There are many different ways by which to implement reliable messaging. A developer or architect will choose the mechanism based on three primary criteria (in priority order):

  1. Requirement trade-offs: What are the trade-offs and penalties for different failure scenarios between the different services?
  2. Service capabilities: What are the capabilities and data structures of the recipient service?
  3. Existing resources: What are the infrastructure and development tools available to the organization?

A developer or architect should first determine what the penalties and trade-offs are if data are not logically consistent across the different services. The developer should then investigate what the penalties and trade-offs are if the delivery of a message has failed or been delayed. Contractual obligations dictating service-level agreements are powerful requirements drivers. Failure to account for them in the early phases of a system’s design can cause expensive architecture redesigns after the organization has paid monetary damages and lost credibility with a client.

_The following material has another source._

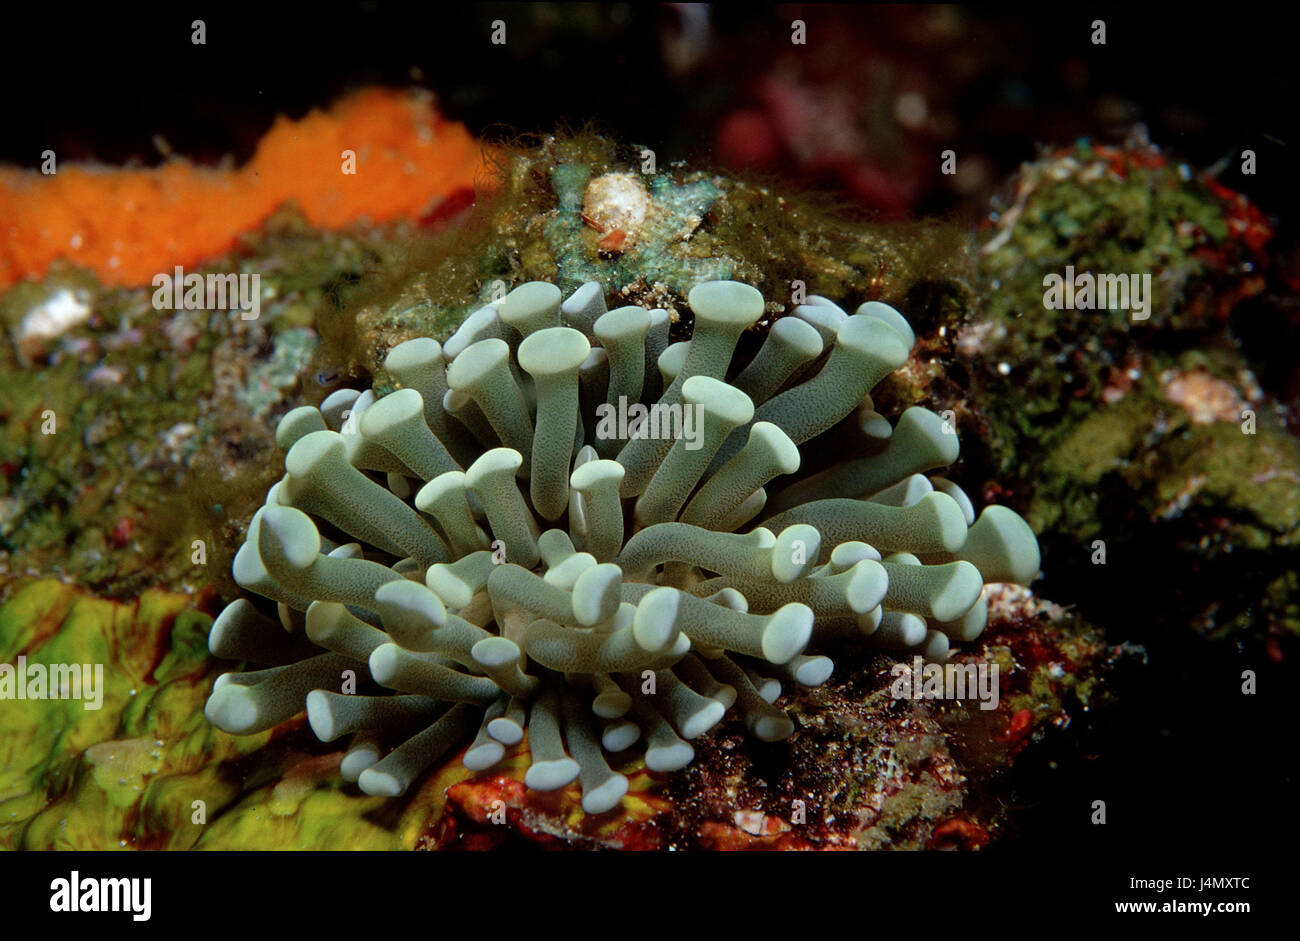 Coral reef, anemone, Heteractis sp. Stock Photo

User-interface designs expecting immediate data updates are frustrating to end-users when a service makes no such guarantee regarding immediacy. The option to serve stale data, and how acceptably stale the data can be, allows a system’s uptime not to be completely reliant on the uptime of a dependent service, as well.

After ascertaining the penalties and trade-offs, a developer can begin to investigate the capabilities and limitations of the service. A developer should be trying to answer questions such as (but not limited to):

  1. Typical use: What is the preferred way to submit requests to the service? Does the caller’s technology stack have good support for submitting requests to the service?
  2. Idempotency: Are requests idempotent? What is the behavior if a caller sends the exact same request to a service?
  3. Message IDs: Are there uniqueness criteria between requests? If so, does the caller generate the unique ID for a request or will the service provide a unique ID?
  4. Message status: Does the caller have to keep track of the transaction status or is there a way to request the status of any pending request?
  5. Messaging semantics: If the caller suspects that the service did not receive the request, should the caller send the message again? Callers should investigate if messages passed to the service should follow at-most-once or at-least-once semantics (because it’s impossible to have exactly-once semantics).
  6. Sync vs async: Is the service synchronous or asynchronous? If a caller submits a request, is that request immediately fulfilled or does the request transition to a “pending” status? For a really good discussion as to whether you might consider either using HTTP or a message bus to deliver messages see this post from Jeremy Miller
  7. Subscription options: Is the caller required to subscribe to callback-style updates to the request? If not required, are these updates available as options?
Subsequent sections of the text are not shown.